Historically, the United States economy has performed better on average under the administration of Democratic presidents than Republican presidents since World War II. The reasons for this are debated, and the observation applies to economic variables including job creation, GDP growth, stock market returns, personal income growth and corporate profits.  The unemployment rate has fallen on average under Democratic presidents, while it has risen on average under Republican presidents.  Budget deficits relative to the size of the economy were lower on average for Democratic presidents. Ten of the eleven U.S. recessions between 1953 and 2020 began under Republican presidents.

Job creation

Job creation refers to the number of net jobs added, which is reported monthly by the Bureau of Labor Statistics.  
Journalist Glenn Kessler of The Washington Post summarized the total job creation by president from Truman through Trump as of August 2020. For the 13 presidents beginning with Truman, total job creation was about 70.5 million for the 7 Democratic presidents and 29.1 million for the 6 Republican presidents. The Democratic presidents were in office for a total of 429 months, with 164,000 jobs per month added on average, while the Republicans were in office for 475 months, with a 61,000 jobs added per month average.  This monthly average rate was 2.4 times faster under Democratic presidents.

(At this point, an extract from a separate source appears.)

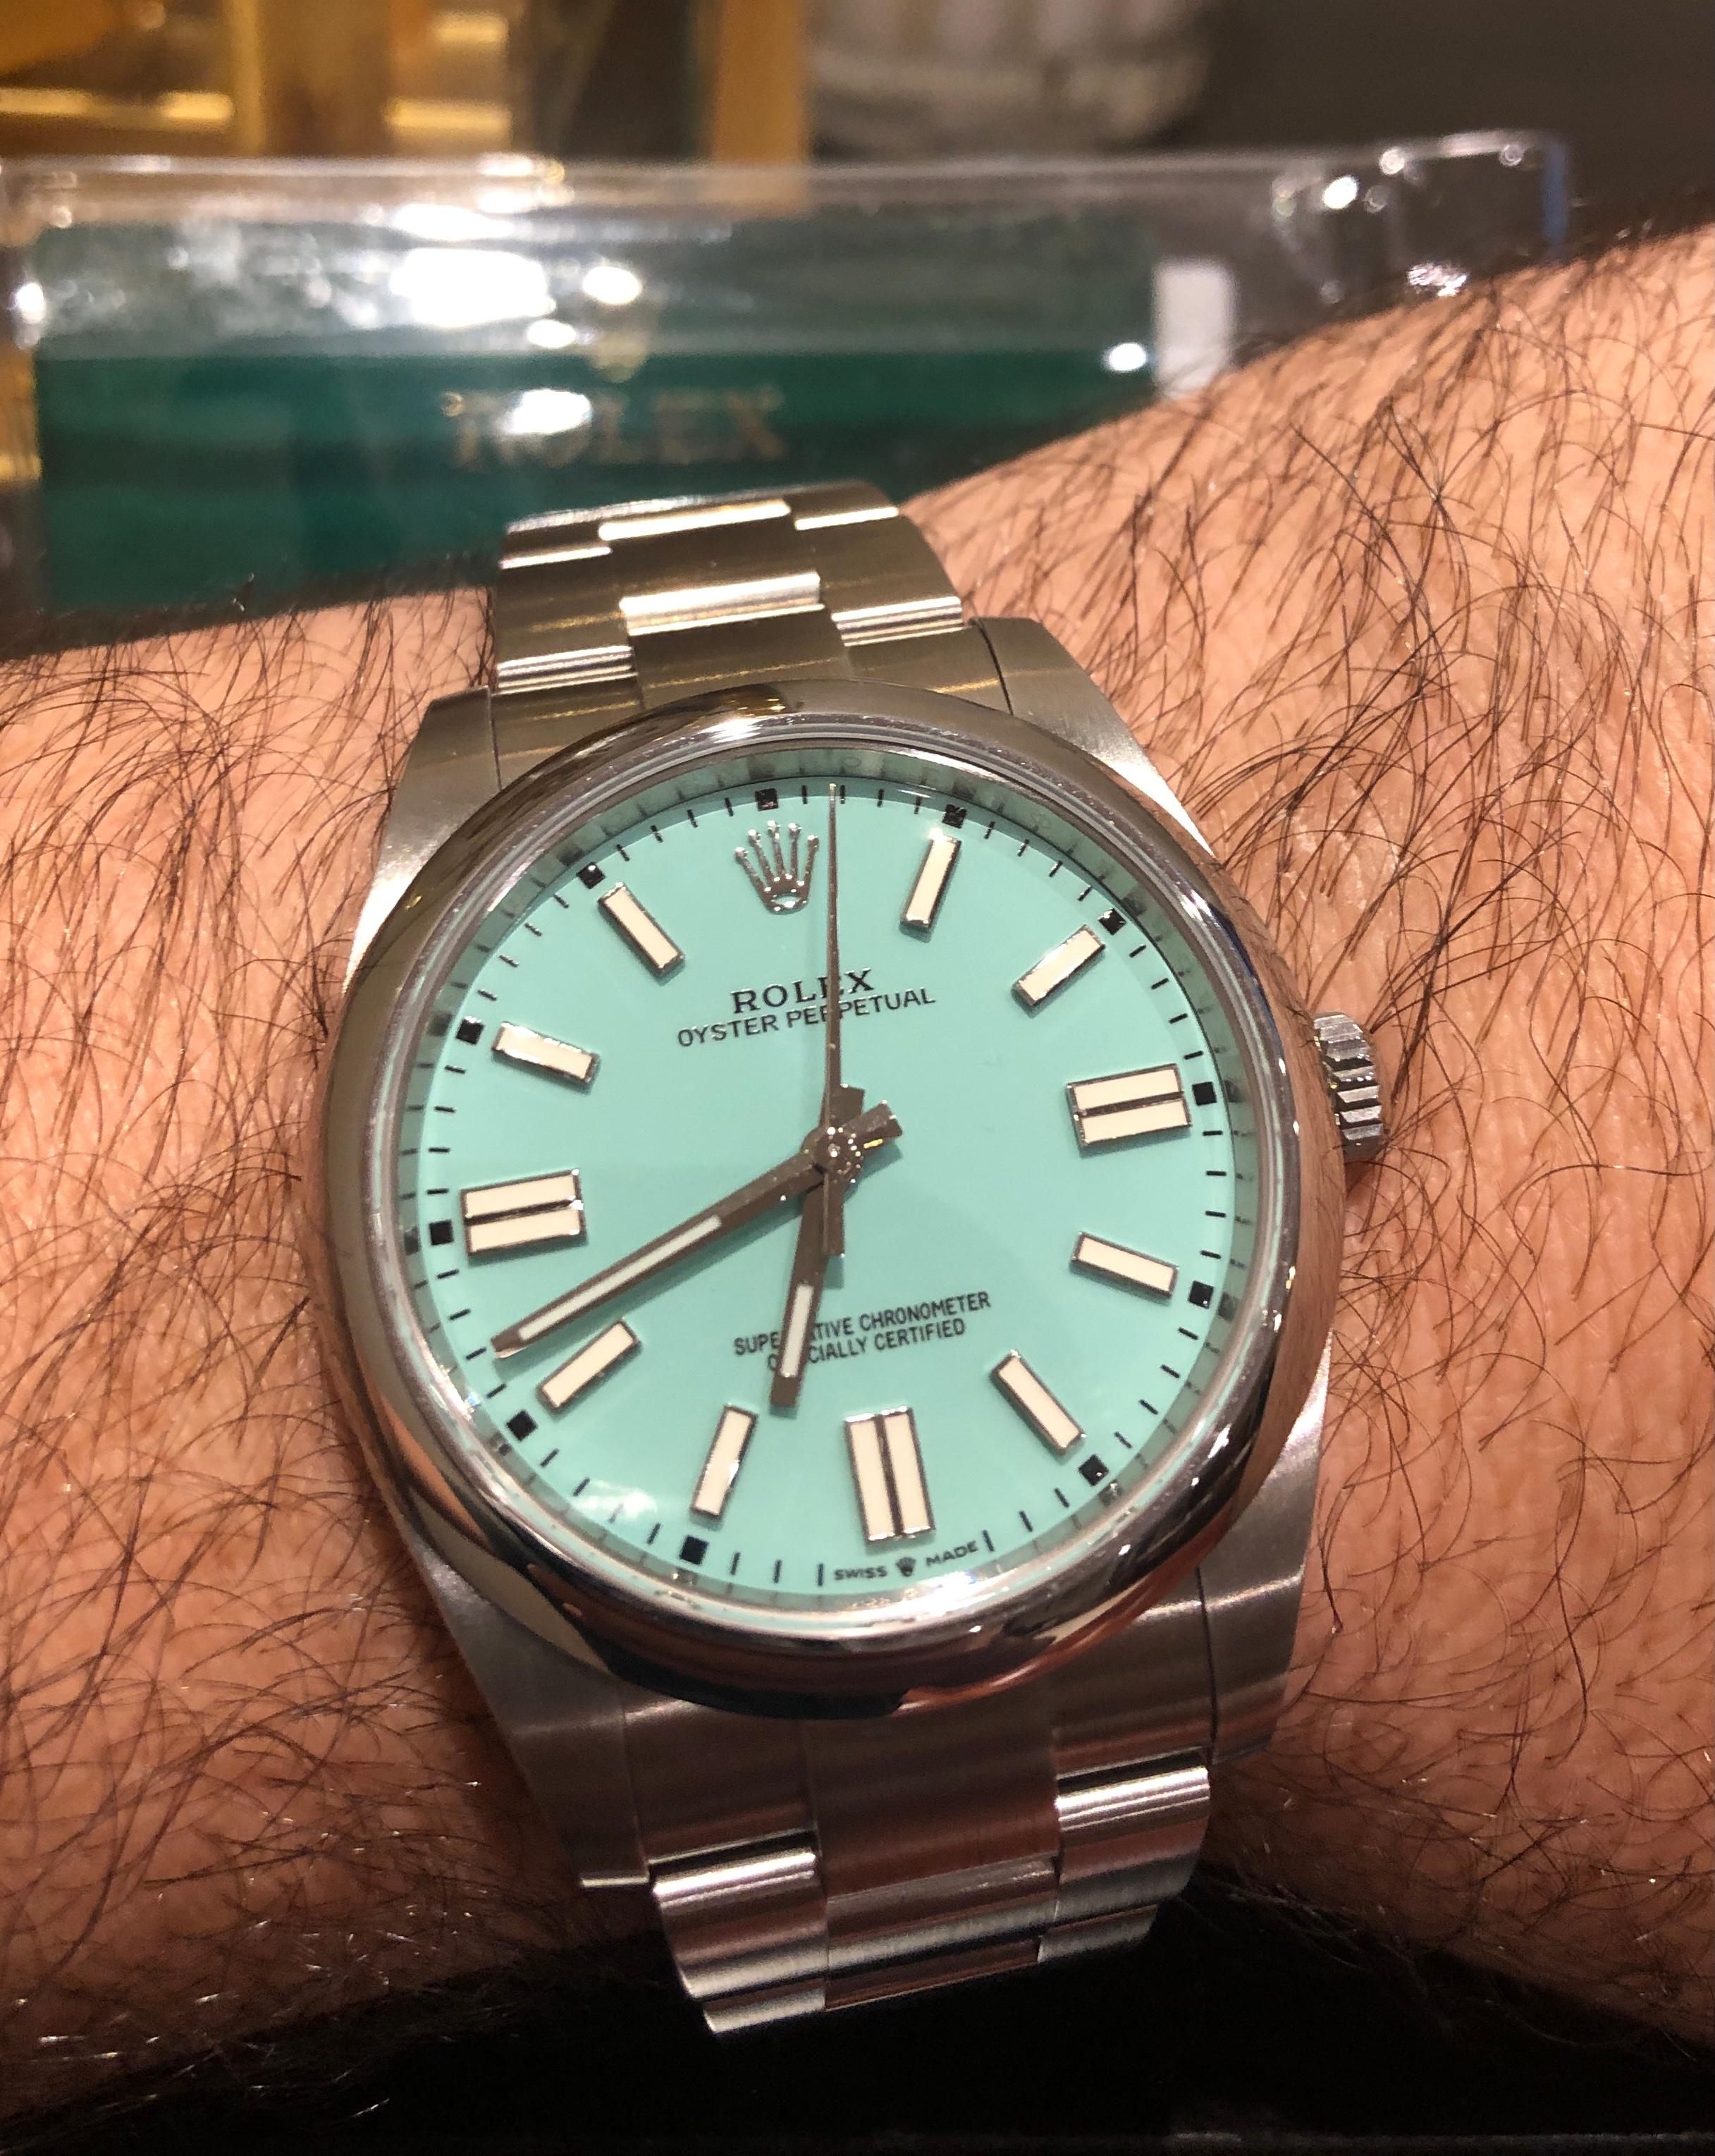 Rolex Oyster Perpetual 41mm Turquoise Oyster Watch 124300

Dial color was changed to turquoise, dial not original

100% authentic Rolex

comes with Box and Card

shop with confidence

Former President Bill Clinton said in 2012 that “Since 1961…the Republicans have held the White House for 28 years, the Democrats for 24…In those 52 years, our private economy has produced 66 million private-sector jobs.  So what’s the jobs score?  Republicans 24 million, Democrats 42 million.”  Commenting on his statement, The Economist reported that the difference increased by 5 million thereafter under Democratic President Obama by 2014.

Economists Alan Blinder and Mark Watson estimated job growth at 2.6% annually for Democratic presidents, about 2.2 times faster than the 1.2% for Republican presidents, for the 1949-2012 period (Truman's elected term through Obama's first term).

Job creation by U.S. presidency

GDP growth

GDP is a measure of both the economic production and income. The Economist reported in August 2014 that real (inflation-adjusted) GDP growth averaged about 1.8 percentage points faster under Democrats, from Truman through Obama's first term, which ended in January 2013. Blinder and Watson estimated the average Democratic real GDP growth rate at 4.3%, vs. 2.5% for Republicans, from President Truman's elected term through President Obama's first term, which ended January 2013. CNN reported in September 2020 that GDP grew 4.1% on average under Democrats, versus 2.5% under Republicans, from 1945 through the second quarter of 2020, a difference of 1.6 percentage points.

The NYT reported in February 2021 that: "Since 1933, the economy has grown at an annual average rate of 4.6 percent under Democratic presidents and 2.4 percent under Republicans...The average income of Americans would be more than double its current level if the economy had somehow grown at the Democratic rate for all of the past nine decades.

The Washington Post reported that the average GDP under President Trump for his first three years in office was 2.5%. However, when covid hit in 2020, the GDP for his fourth year in office went to -6.5%.

Unemployment rates
Blinder and Watson found that the unemployment rate fell under Democratic presidents by an average of 0.8 percentage points, while it increased under Republican presidents by an average of 1.1 percentage points.  Journalist Andrew Soergel wrote in U.S. News & World Report in October 2015 that: "The country's unemployment rate has been lower at the end of every Democrat's tenure since Kennedy took office in 1961. Ronald Reagan, meanwhile, is the only GOP president since Dwight Eisenhower took office in 1953 who can say the same." (Soergel's statement here is mostly, but not completely, accurate since the U.S. unemployment rate was exactly the same–at 7.5%–at both the start and the end of Democrat Jimmy Carter's presidency (in January 1977 and January 1981, respectively. Thus, saying that the U.S. unemployment rate was lower at the end of every U.S. president's tenure since 1961 than it was at the beginning of their tenure is close to accurate, but not exactly.)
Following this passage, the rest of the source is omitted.